ASSIGNMENT:
Your answer must hold only the lines below from the line containing "Samsung Galaxy Note" through the line containing "CREF Virtual Golf", each reproduced exactly.

Saved data entries:

━━━

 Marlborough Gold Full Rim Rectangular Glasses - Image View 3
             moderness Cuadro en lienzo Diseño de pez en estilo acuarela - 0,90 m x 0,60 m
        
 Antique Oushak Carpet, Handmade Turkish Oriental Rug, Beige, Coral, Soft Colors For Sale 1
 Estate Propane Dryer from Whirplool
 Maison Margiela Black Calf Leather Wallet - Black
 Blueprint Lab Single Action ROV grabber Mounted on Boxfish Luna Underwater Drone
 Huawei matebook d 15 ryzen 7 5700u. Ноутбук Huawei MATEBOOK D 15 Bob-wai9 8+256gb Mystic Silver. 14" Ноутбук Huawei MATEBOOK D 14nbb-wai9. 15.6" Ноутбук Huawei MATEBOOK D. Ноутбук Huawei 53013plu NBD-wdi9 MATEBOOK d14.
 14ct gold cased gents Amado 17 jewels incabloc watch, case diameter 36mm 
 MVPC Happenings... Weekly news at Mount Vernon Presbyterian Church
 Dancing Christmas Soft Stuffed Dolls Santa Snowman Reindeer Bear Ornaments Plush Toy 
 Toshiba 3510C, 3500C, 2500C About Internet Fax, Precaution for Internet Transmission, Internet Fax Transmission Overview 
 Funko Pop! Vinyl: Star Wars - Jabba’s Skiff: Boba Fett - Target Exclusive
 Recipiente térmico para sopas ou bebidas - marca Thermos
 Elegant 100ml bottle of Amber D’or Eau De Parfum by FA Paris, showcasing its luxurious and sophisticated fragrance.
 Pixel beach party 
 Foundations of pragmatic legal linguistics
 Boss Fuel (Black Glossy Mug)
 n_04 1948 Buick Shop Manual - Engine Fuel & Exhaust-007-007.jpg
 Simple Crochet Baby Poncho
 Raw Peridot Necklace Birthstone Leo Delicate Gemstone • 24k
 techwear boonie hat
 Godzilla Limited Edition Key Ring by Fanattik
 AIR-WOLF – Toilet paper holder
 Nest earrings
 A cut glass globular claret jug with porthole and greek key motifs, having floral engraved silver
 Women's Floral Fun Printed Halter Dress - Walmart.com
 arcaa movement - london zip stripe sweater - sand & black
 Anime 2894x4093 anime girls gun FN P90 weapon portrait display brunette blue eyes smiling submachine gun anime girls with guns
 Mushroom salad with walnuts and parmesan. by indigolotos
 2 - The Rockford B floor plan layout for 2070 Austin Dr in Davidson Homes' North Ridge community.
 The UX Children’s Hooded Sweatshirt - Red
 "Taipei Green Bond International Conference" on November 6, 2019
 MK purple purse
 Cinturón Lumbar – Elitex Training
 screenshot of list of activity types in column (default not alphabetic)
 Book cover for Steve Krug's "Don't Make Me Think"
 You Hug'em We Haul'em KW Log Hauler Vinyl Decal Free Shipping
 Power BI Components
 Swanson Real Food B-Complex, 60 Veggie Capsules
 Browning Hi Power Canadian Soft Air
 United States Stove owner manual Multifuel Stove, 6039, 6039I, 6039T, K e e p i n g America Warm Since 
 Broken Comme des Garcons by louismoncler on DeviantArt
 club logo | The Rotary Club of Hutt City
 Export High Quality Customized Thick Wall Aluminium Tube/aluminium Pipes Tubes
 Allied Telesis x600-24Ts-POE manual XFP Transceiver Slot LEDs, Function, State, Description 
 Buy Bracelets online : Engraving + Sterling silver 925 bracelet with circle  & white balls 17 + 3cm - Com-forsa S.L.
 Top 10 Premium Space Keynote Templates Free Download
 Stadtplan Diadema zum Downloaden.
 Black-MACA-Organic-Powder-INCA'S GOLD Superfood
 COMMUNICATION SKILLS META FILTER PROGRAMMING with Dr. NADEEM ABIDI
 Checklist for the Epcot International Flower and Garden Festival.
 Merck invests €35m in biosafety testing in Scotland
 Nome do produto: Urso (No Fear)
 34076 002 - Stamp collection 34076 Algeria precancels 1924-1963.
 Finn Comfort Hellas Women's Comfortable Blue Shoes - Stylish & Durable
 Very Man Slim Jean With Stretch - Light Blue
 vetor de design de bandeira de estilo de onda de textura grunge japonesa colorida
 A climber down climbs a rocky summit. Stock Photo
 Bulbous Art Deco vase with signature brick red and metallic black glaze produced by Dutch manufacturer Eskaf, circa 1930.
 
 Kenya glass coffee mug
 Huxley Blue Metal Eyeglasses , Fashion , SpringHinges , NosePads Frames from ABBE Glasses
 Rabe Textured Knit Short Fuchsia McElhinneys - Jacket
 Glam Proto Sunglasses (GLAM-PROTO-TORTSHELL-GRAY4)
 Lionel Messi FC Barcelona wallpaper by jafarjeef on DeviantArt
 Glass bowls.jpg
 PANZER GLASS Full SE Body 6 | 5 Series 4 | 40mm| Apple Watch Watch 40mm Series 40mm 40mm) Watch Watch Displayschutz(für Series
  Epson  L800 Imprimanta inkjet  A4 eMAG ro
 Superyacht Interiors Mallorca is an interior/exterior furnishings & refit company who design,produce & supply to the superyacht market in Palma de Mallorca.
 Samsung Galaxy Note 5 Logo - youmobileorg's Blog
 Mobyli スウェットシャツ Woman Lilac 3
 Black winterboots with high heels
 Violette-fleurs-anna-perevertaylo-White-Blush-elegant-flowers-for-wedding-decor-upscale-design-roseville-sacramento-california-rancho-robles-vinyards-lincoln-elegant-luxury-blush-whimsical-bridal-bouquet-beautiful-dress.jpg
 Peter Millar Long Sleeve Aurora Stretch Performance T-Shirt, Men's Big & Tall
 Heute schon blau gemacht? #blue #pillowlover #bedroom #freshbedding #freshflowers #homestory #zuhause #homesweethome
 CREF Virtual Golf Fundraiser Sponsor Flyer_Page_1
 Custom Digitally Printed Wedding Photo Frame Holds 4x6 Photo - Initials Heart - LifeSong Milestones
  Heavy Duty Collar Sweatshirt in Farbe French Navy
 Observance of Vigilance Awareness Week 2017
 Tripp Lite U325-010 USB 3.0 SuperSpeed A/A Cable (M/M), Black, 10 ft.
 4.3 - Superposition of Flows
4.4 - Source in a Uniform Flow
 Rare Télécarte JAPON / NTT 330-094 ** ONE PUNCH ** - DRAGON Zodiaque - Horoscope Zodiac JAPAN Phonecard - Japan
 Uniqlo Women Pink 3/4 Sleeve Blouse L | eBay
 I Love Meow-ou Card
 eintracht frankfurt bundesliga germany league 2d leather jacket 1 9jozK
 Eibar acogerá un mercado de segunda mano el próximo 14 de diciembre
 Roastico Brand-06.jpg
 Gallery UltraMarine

━━━

YOUR SOLUTION:
 Samsung Galaxy Note 5 Logo - youmobileorg's Blog
 Mobyli スウェットシャツ Woman Lilac 3
 Black winterboots with high heels
 Violette-fleurs-anna-perevertaylo-White-Blush-elegant-flowers-for-wedding-decor-upscale-design-roseville-sacramento-california-rancho-robles-vinyards-lincoln-elegant-luxury-blush-whimsical-bridal-bouquet-beautiful-dress.jpg
 Peter Millar Long Sleeve Aurora Stretch Performance T-Shirt, Men's Big & Tall
 Heute schon blau gemacht? #blue #pillowlover #bedroom #freshbedding #freshflowers #homestory #zuhause #homesweethome
 CREF Virtual Golf Fundraiser Sponsor Flyer_Page_1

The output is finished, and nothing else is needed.